The station was sold in 1979 to L&D Broadcasters Inc. and returned to the air in 1980 airing Urban Gospel music in the morning and early evenings and Southern Gospel in the afternoons.

Rev. Norman Livingston of Dayton, a local independent church pastor who also promoted Southern Gospel Music concerts, began to work with WELX and became the afternoon co-host. He eventually moved into managing and promoting the station in 1981 when urban gospel music was dropped in favor of full-time southern gospel music.
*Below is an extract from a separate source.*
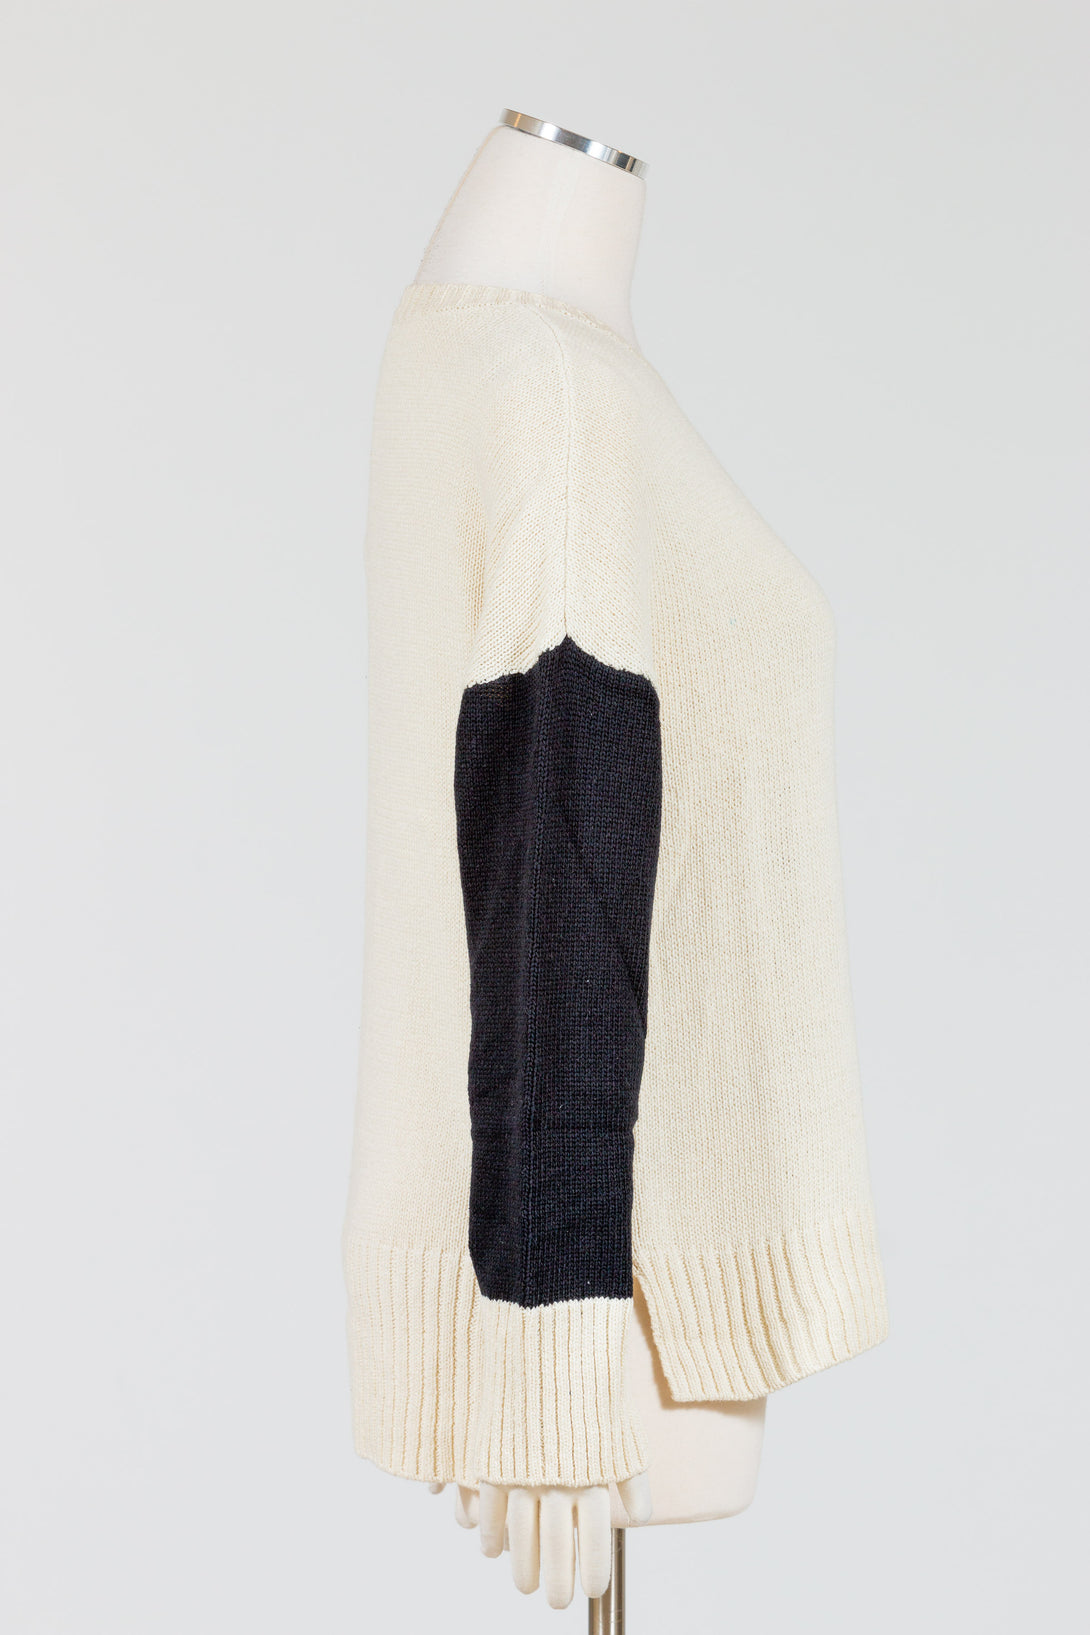 Habitat-Yin-Yang-Pullover-Sweater-Black-White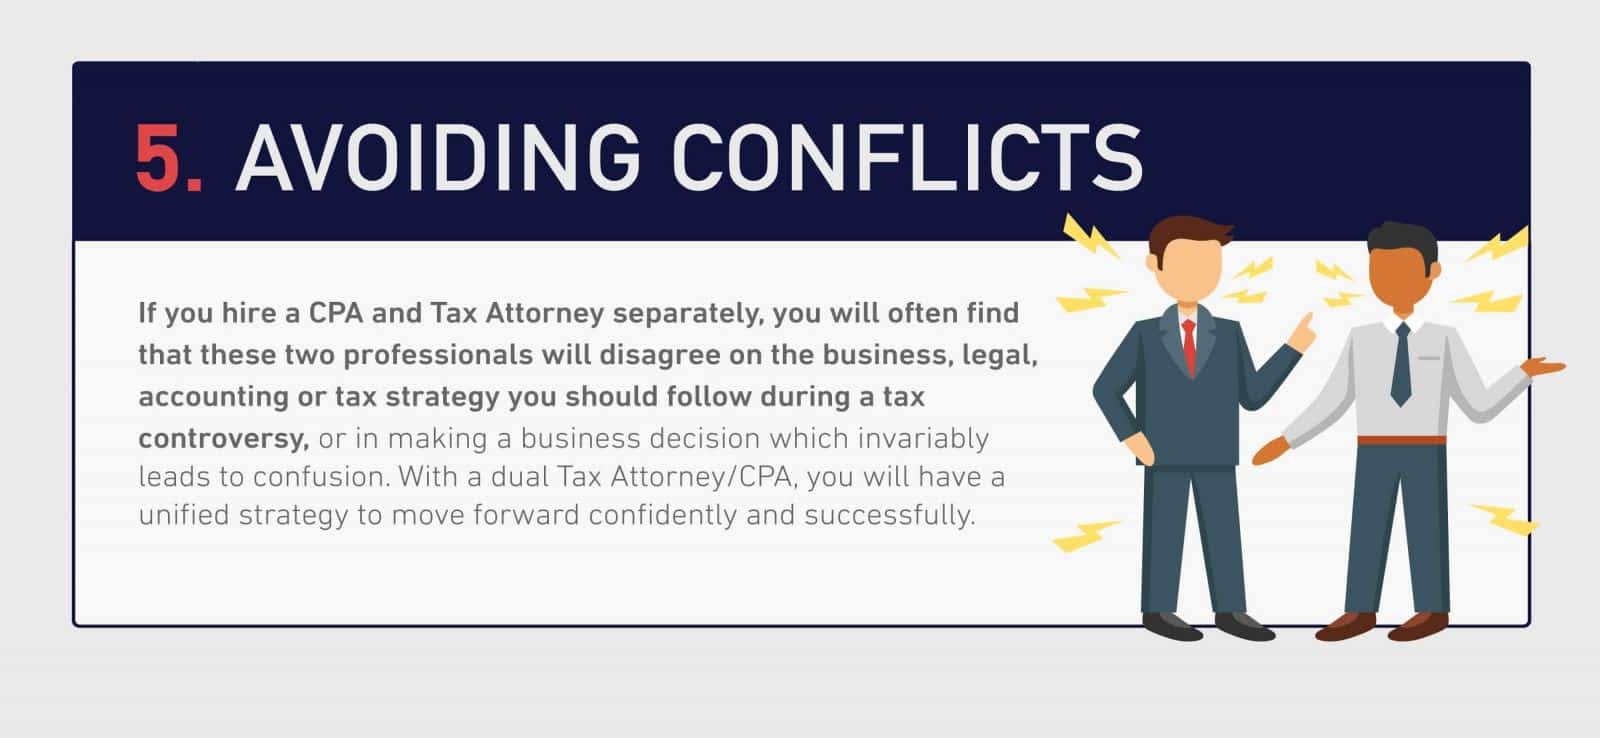 Avoiding-conflicts-klasing-associates-san-diego-tax-attorney

In 1984, the station switched the call sign from WELX to WMMX to stand for "Message Music Radio" or "Gospel Music's Best MIX."

Eventually that call sign was replaced with WGNZ and its new slogan "Good News 1110". The released call sign "WMMX" was taken by 107.7 FM. As of November 1, 2008, the old tower site has been razed. In the Summer of 2008, WGNZ built a new state of the art transmitter and tower facility.

==Programming==
WGNZ is one of the last locally owned commercial stations in the Dayton, Ohio market. The station features National and Local pastors providing Christian talk and teaching programs. It is also the only radio station in the Miami Valley that is primarily Southern Gospel, but also features Bluegrass and Local Artists. WGNZ has streamed its programming on the internet since July 9, 1996. WGNZ was at that time the second Christian radio station in Ohio to stream on the internet.

The WELX callsign is now used at an FM station in Isabella, Puerto Rico.